Месяцами позже я часто вспоминал эту куропатку и улыбался. Когда приходилось спать на сырой земле, от этих воспоминаний становилось немного теплее и появлялось вялое, едва заметное чувство жизни. Еще осенью я перестал считать дни, проведенные в России. Все, на что стоило обращать внимание – это температура воздуха. Шрёдер где-то раздобыл еще одну шинель и теперь заступал в караул утепленным вдвойне. Я же радовался, когда в караул попадал без него, ведь тогда шинель перепадала и мне. Последние две недели мы занимали небольшую деревню, с двух сторон окруженную лесом. Слово «занимали» звучало довольно громко, потому что русских здесь уже не оставалось, даже стариков. Этой ночью мне не повезло: лейтенант Мюнц отправляет нас со Шрёдером в караул. Когда на тебе две шинели в тридцатиградусный мороз, это немного развязывает язык, поэтому говорил, в основном, Шрёдер. Я же время от времени поддакивал, стараясь не околеть от холода.
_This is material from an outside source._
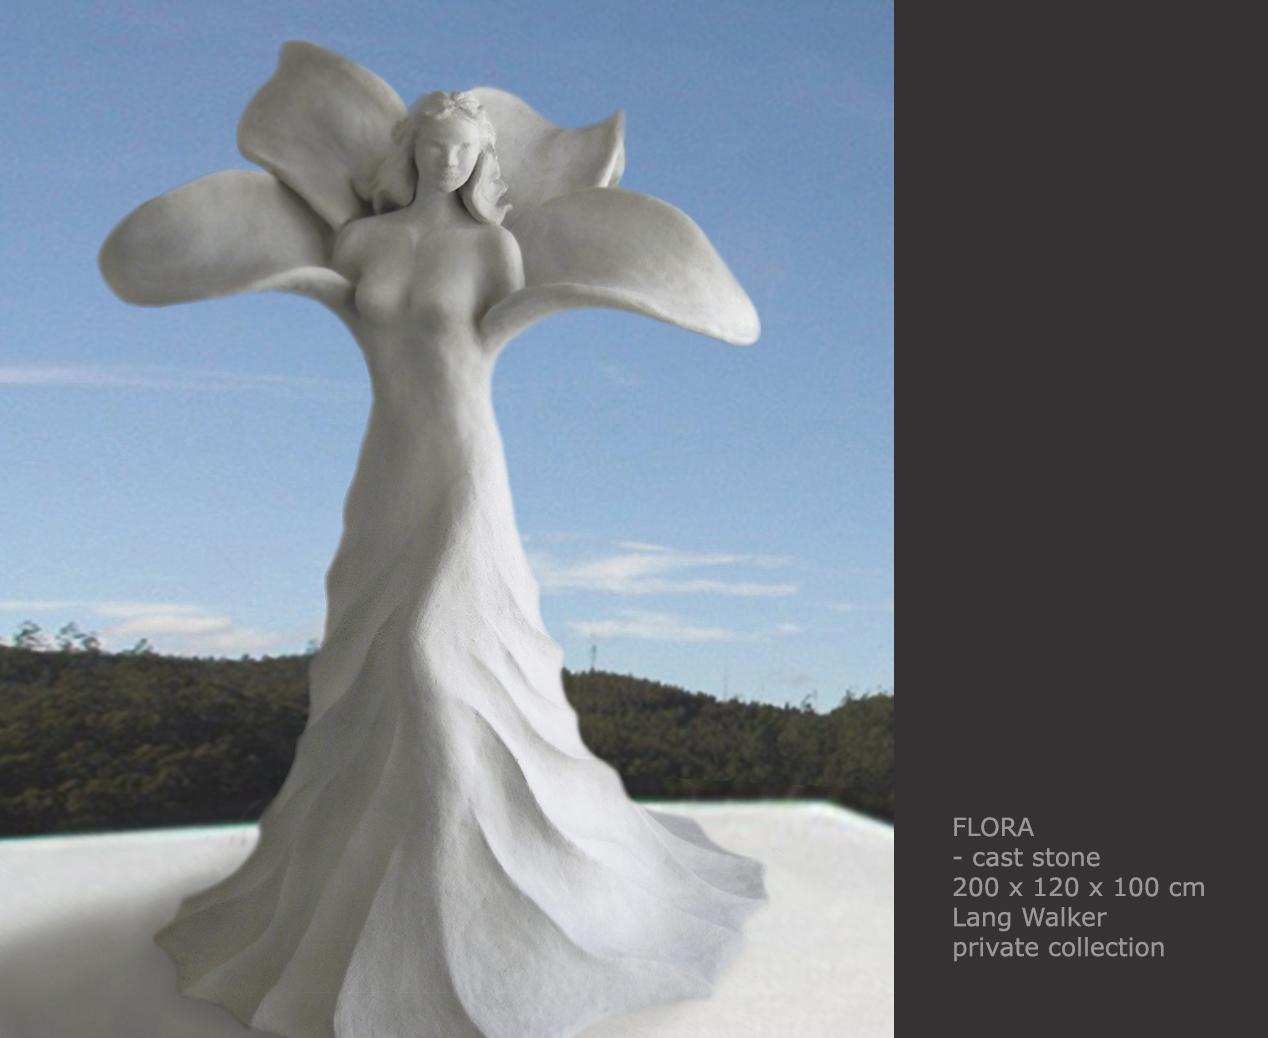 FLORA by M Marjanovich

— Точно тебе говорю, они прошли здесь за три дня до нас. Эсэсовцы. Уж они-то точно никого не оставят. Я, бывало, такого слышал…целые деревни… — Тут он прервался, буквально запнулся на полуслове. Я ответил протяжное «да-а», чтобы как-то смягчить ситуацию. Стало понятно, что Шрёдер не хотел этого говорить, испугался, что я могу донести, ведь в одном взводе мы недавно, даже в окопе вместе не сидели. Мне становится чертовски противно оттого, что вот этот малый, который пришел на фронт совсем недавно и, вполне возможно, отдаст свою жизнь через день-другой, боится простых и правдивых слов. Противен не его личный страх, а факт, что такое вообще возможно.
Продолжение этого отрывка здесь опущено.